* [Records shown]:
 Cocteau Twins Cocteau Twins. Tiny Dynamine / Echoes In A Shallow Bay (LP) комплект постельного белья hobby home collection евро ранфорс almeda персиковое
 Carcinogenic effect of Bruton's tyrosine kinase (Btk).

==

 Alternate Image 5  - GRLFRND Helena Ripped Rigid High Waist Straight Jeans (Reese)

* [Directions for this task]: When you reach the line holding "Cocteau Twins Cocteau" in the records above, begin reproducing exactly, stop after the line holding "Carcinogenic effect of", and output nothing else.

* [Response to this exercise]:
 Cocteau Twins Cocteau Twins. Tiny Dynamine / Echoes In A Shallow Bay (LP) комплект постельного белья hobby home collection евро ранфорс almeda персиковое
 Carcinogenic effect of Bruton's tyrosine kinase (Btk).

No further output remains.